# thermometer type



## dragonmaster42 (Nov 2, 2009)

I was just wondering what kind of thermometer y'all use when beer making? I generally use a candy type thermometer. I have a couple and they give the same temp reading when I compared them. 


Out of curiosity I compared a couple electric thermomters (meat probe type) and a digital non-contact thermometer I had with the last batch I was working on. What struck meis I got almost a 20 degree range of temps -above and below the candy thermometer when I was mashing at 155.


----------



## gaudet (Nov 2, 2009)

I use Old Trusty Candy Thermometer. Simple is usually the best.


----------



## Travisty (Nov 3, 2009)

Don't candy thermometers have a pretty large range? I don't know that I would trust them to be accurate enough to measure such a temperature sensitive procedure such as mashing. For extract brewing they would be perfectly fine though.

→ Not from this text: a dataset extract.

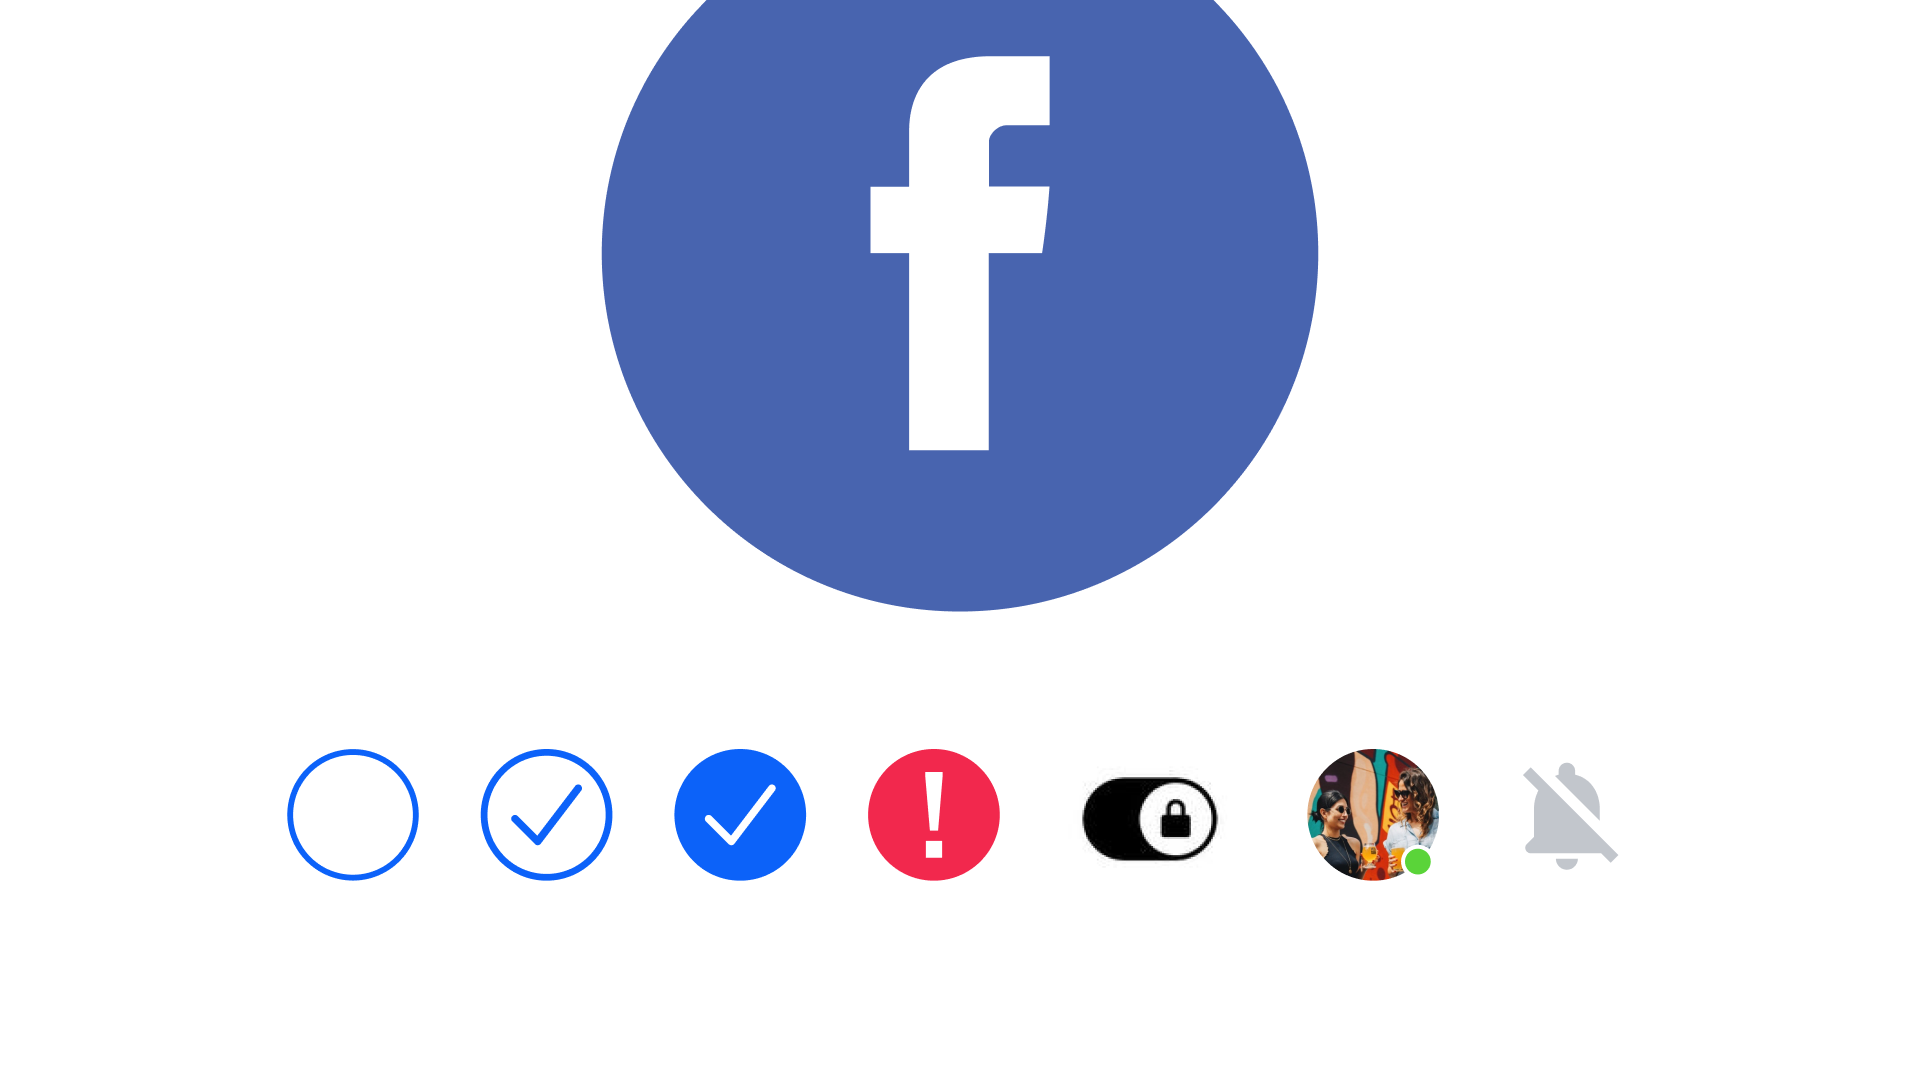 Facebook messenger symbols meaning

Right now I use a dial thermometer I picked up at the LHBS for like $13. I checked it against a calibrated thermocouple at work since I could and it was pretty close. Another good way to calibrate it is to check it's readout in ice water and in boiling water. I really need to get a better thermometer though cause I've noticed that if I drop the one I have, the calibration gets thrown off significantly. I don't really trust it anymore.


----------



## gaudet (Nov 3, 2009)

Its actually a thermometer I got from the LHBS. Its a dial type not meant for candy. It looks like the candy thermometers though.


----------



## smurfe (Nov 4, 2009)

I use this one except mine will do Celsius as well. I think I paid around $35.00 for it. I didn't order it from the link. I have had it a couple years and absolutely love it. The probe and cable are heat proof and it is very accurate.

Thermometer


----------



## dragonmaster42 (Nov 4, 2009)

Mine are the metal kind with the dial as well. I've always called them candy thermometers. 


I'll have to get some ice water and some boiling water and do some testing on them.


----------